A consumer loan provides you with both flexibility and the opportunity to spend the money as you see fit. Unlike credit cards, these loans are usually supplied with a lower interest rate and longer down payment.
Here we take a closer look at when it is appropriate to use a consumer loan, and vice versa when it is not.
When can a consumer loan be the right form of financing?
An unsecured loan means that the debtor doesn’t need to put up collateral for the loan. Yet, the lender(s) have other ways of getting their money back, so it should not be misinterpreted.
Such loans are a better fit for individuals with stable finances. In other words; people with a steady income and a low to moderate degree of household debt.
With a decent credit score, you’d also get rewarded with lower interest rates. That’s because the risk of default is lower, seen from the bank’s perspective.
Unsecured loans are also prudent in those cases where there are no realistic ways to secure the loan. For example, you’d never finance your house this way (that’s why we have mortgages), but you may want to use it for other purchases that can’t be secured.

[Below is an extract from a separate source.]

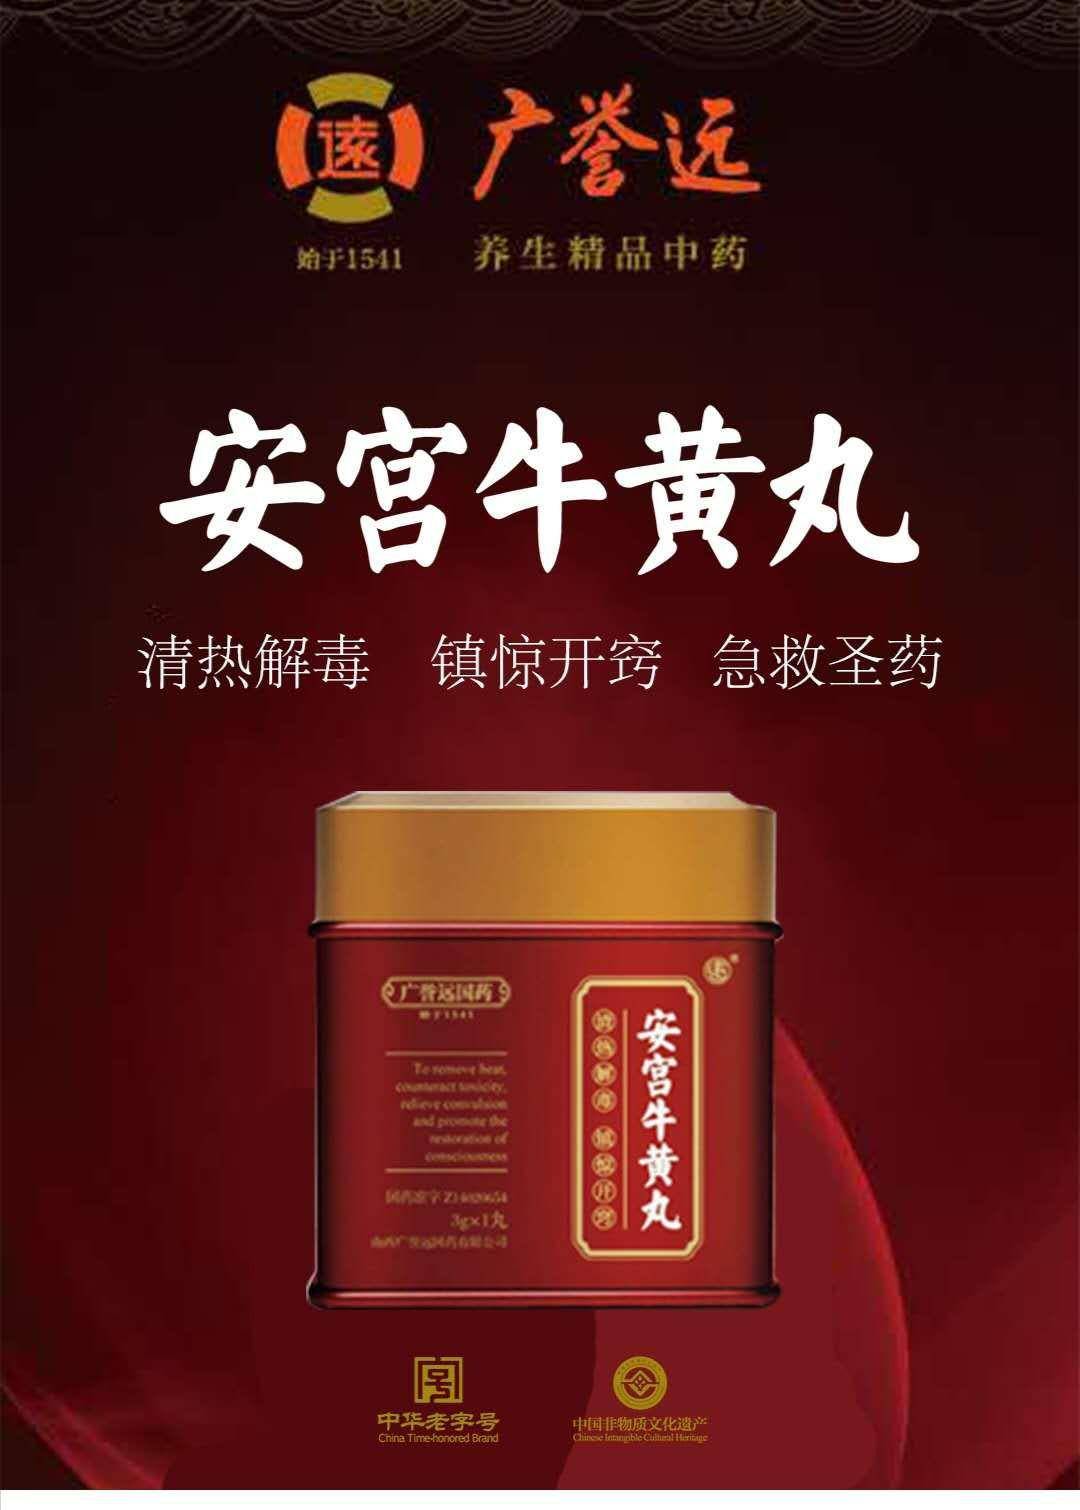 广誉远安宫牛黄丸始于光绪11年,选用高品质牛黄入药,胆红素含量30%

Loans with no collateral should also be used to finance goods with a long-lasting value. For example, to build a shed where you can work on your hobbies or a lawn mower that will last for many years.

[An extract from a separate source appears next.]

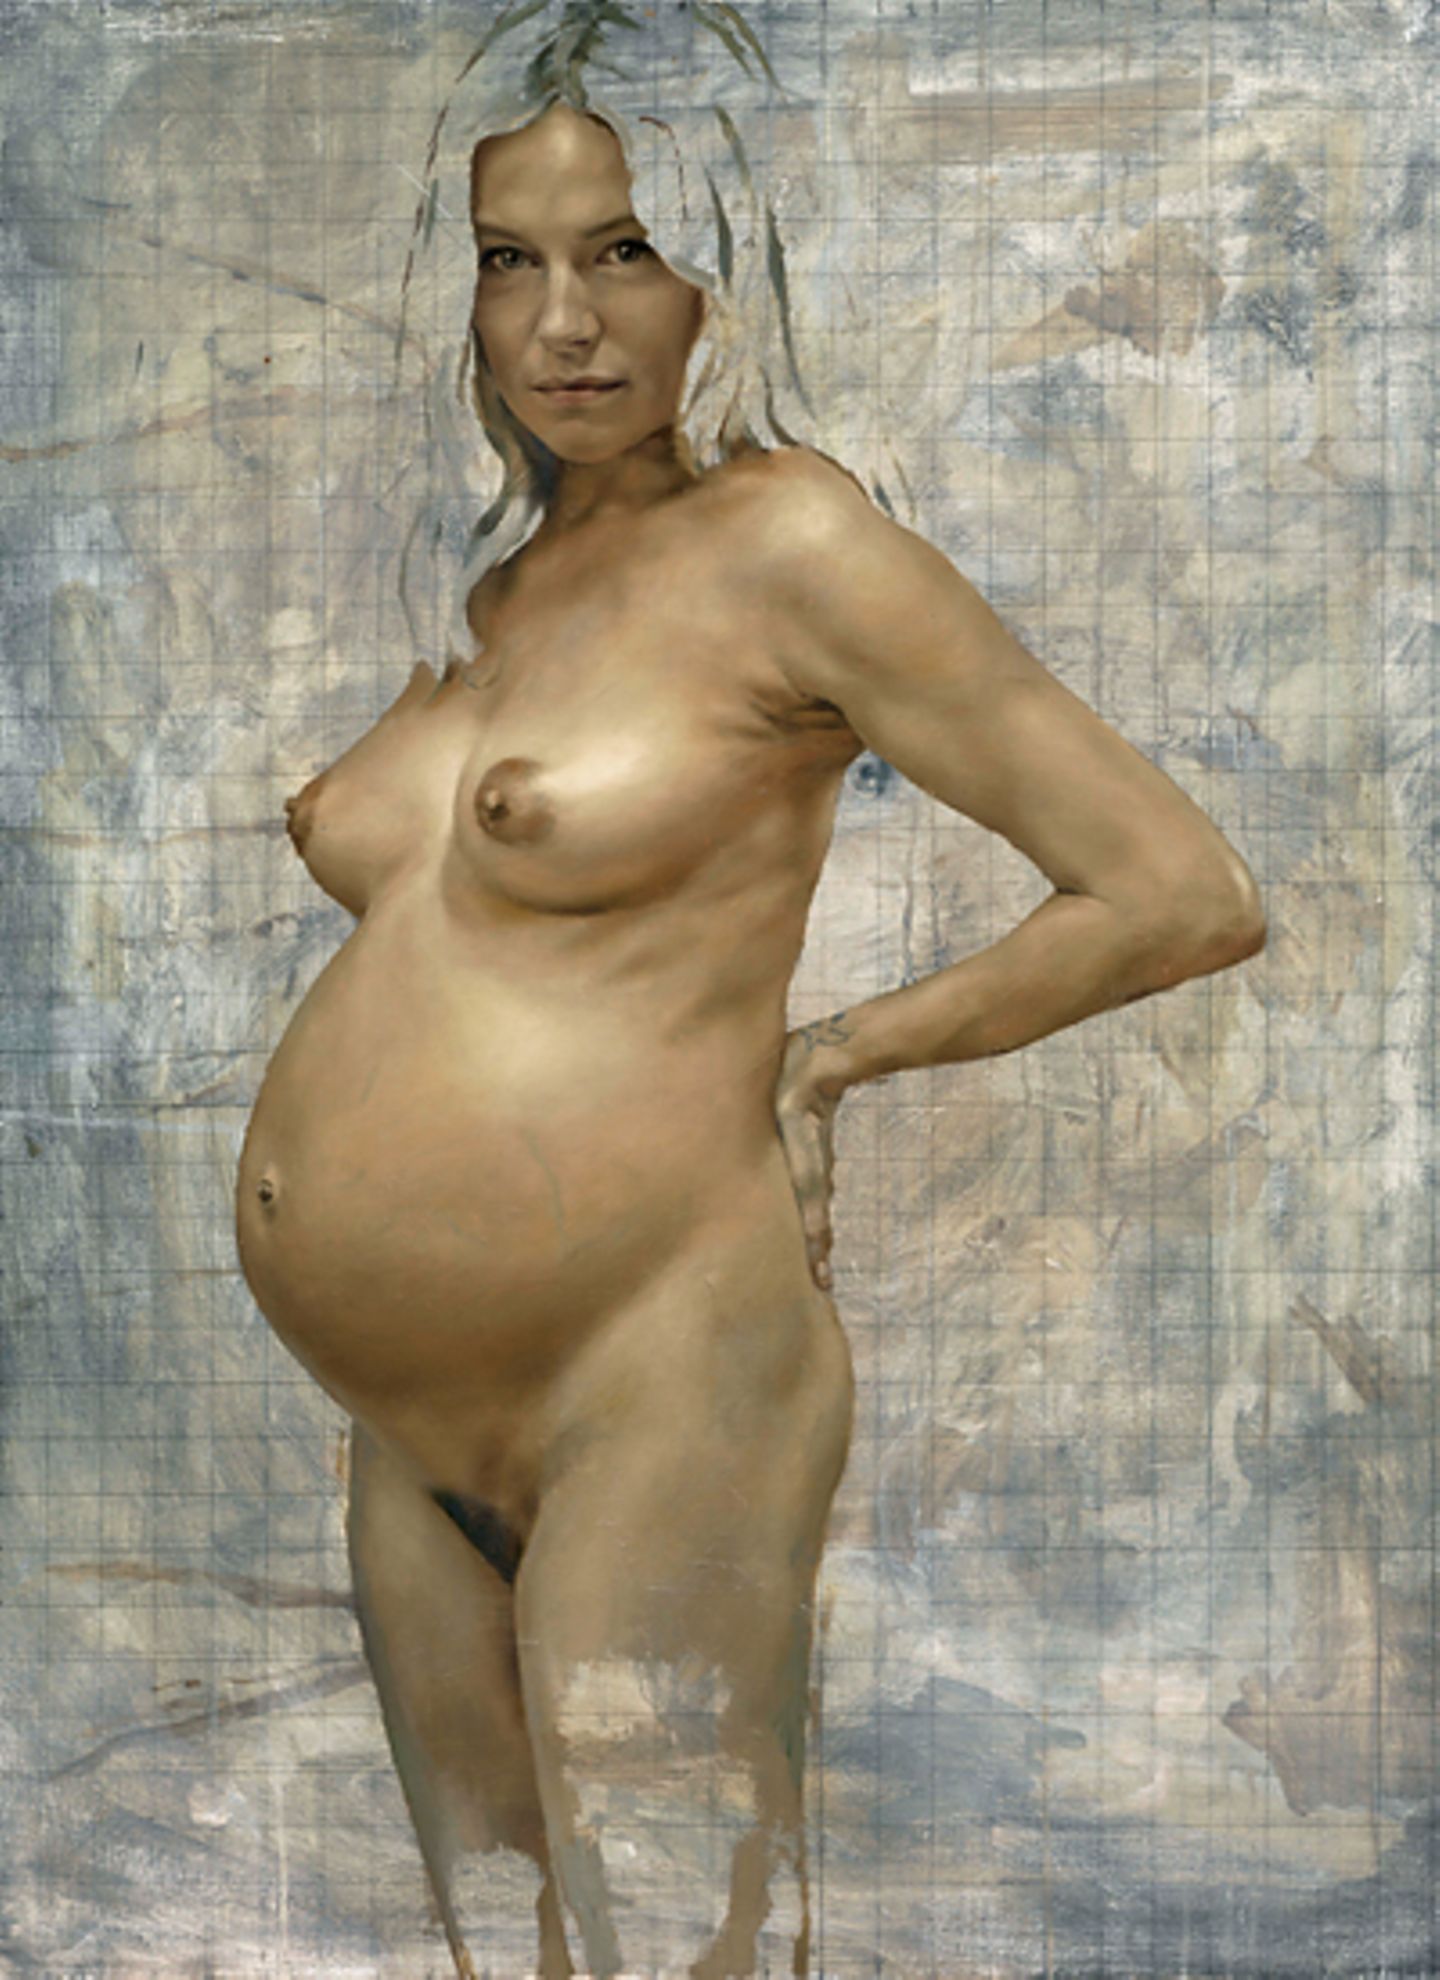 Wenige Wochen vor der Geburt ihrer Tochter Marlowe posierte Sienna Miller nackt für den Künstler Jonathan Yeo. Das Bild ist nun

What should it not be used for?
Here’s a short list, of some items one should not be financed with unsecured loans:
1. Fixed monthly costs: Unless we’re talking about a one-time exception (say the laundry machine broke), you should never use it to cover your fixed monthly costs.
If you can’t afford to pay these expenses on a monthly basis, it’s an indicator that your household budget is under severe strain. Borrowing money to pay the bills will only add to the financial strain of your household.
2. The down payment on a mortgage: You should never finance the down payment requirements with anything but your own savings. There are several reasons for this, but the most important one has to do with the financial risks you’re taking.
Should interest rates rise (or if you lose your income), you’d have severe problems covering the monthly mortgage bills. An unsecured loan would only add stress to the situation.
Also, let’s not forget why the banks are required to demand a down payment in the first place. It’s so that you’d take less of a financial chance when you sign for the mortgage.
3. Interest on other loans: This may seem obvious, but should not be ignored. Never use a consumer loan to pay interest on other loans. You’re just pushing the problem ahead of you, adding fuel to the fire.